Graduate Institute of Biomedical Electronics and Bioinformatics, [corrected] National Taiwan University, No. 1, Sec. 4, Roosevelt Road, Taipei, Taiwan, [corrected] 106.
Chem Res Toxicol. 2012 Mar 19;25(3):676-86. doi: 10.1021/tx200465e. Epub 2012 Feb 10.
The complex composition of welding fumes, multiplicity of molecular targets, diverse cellular effects, and lifestyles associated with laborers vastly complicate the assessment of welding fume exposure. The urinary metabolomic profiles of 35 male welders and 16 male office workers at a Taiwanese shipyard were characterized via (1)H NMR spectroscopy and pattern recognition methods. Blood samples for the same 51 individuals were also collected, and the expression levels of the cytokines and other inflammatory markers were examined. This study dichotomized the welding exposure variable into high (welders) versus low (office workers) exposures to examine the differences of continuous outcome markers-metabolites and inflammatory markers-between the two groups. Fume particle assessments showed that welders were exposed to different concentrations of chromium, nickel, and manganese particles. Multivariate statistical analysis of urinary metabolomic patterns showed higher levels of glycine, taurine, betaine/TMAO, serine, S-sulfocysteine, hippurate, gluconate, creatinine, and acetone and lower levels of creatine among welders, while only TNF-α was significantly associated with welding fume exposure among all cytokines and other inflammatory markers measured. Of the identified metabolites, the higher levels of glycine, taurine, and betaine among welders were suspected to play some roles in modulating inflammatory and oxidative tissue injury processes. In this metabolomics experiment, we also discovered that the association of the identified metabolites with welding exposure was confounded by smoking, but not with drinking, which is a finding consistent with known modified response of inflammatory markers among smokers. Our results correspond with prior studies that utilized nonmetabolomic analytical techniques and suggest that the metabolomic profiling is an efficient method to characterize the overall effect of welding fume exposure and other confounders.

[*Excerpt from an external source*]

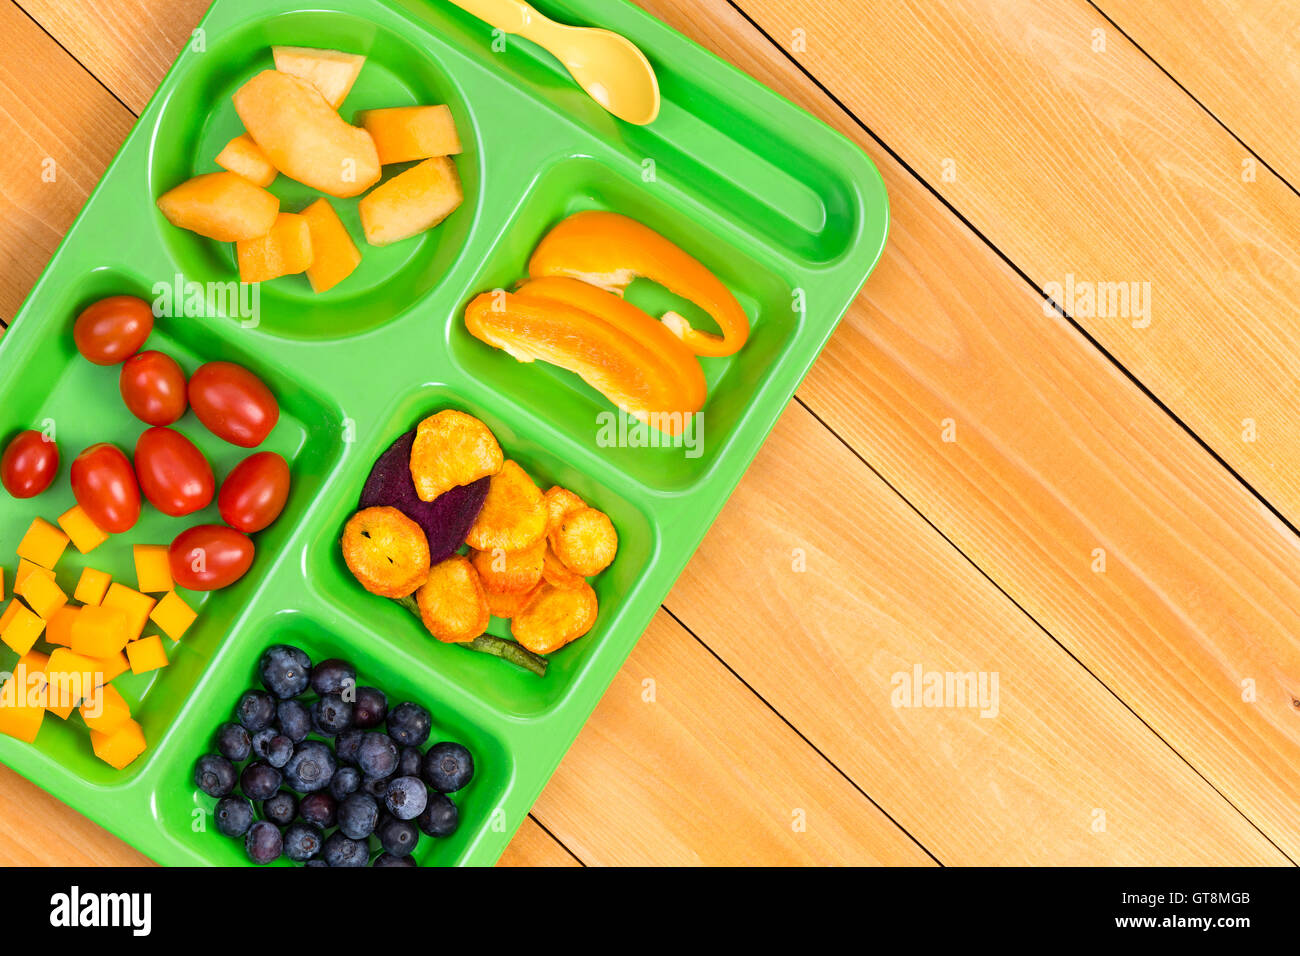 Child size lunch tray with cherry tomatoes, melon, blueberries and sweet pepper fruit on wooden table Stock Photo

焊接烟尘的复杂成分、多种分子靶标、多样化的细胞效应以及与劳动者相关的生活方式,使得焊接烟尘暴露的评估变得极为复杂。通过 1H NMR 光谱和模式识别方法,对台湾一家造船厂的 35 名男性焊工和 16 名男性办公室工作人员的尿液代谢组学图谱进行了描述。还采集了 51 名个体的血液样本,并检测了细胞因子和其他炎症标志物的表达水平。本研究将焊接暴露变量分为高(焊工)和低(办公室工作人员)暴露,以检查两组之间连续结果标志物代谢物和炎症标志物的差异。烟尘颗粒评估表明,焊工接触到不同浓度的铬、镍和锰颗粒。尿液代谢组学模式的多变量统计分析显示,焊工的甘氨酸、牛磺酸、甜菜碱/TMAO、丝氨酸、S-半胱氨酸、马尿酸、葡萄糖酸盐、肌酐和丙酮水平较高,而肌酸水平较低,而在所有测量的细胞因子和其他炎症标志物中,只有 TNF-α与焊接烟尘暴露显著相关。在所鉴定的代谢物中,焊工体内较高水平的甘氨酸、牛磺酸和甜菜碱可能在调节炎症和氧化组织损伤过程中发挥一定作用。在这项代谢组学实验中,我们还发现,所鉴定的代谢物与焊接暴露的关联受到吸烟的混杂,但不受饮酒的影响,这与已知的吸烟者炎症标志物的改变反应一致。我们的结果与先前使用非代谢组学分析技术的研究结果一致,表明代谢组学分析是一种有效的方法,可以描述焊接烟尘暴露及其他混杂因素的综合影响。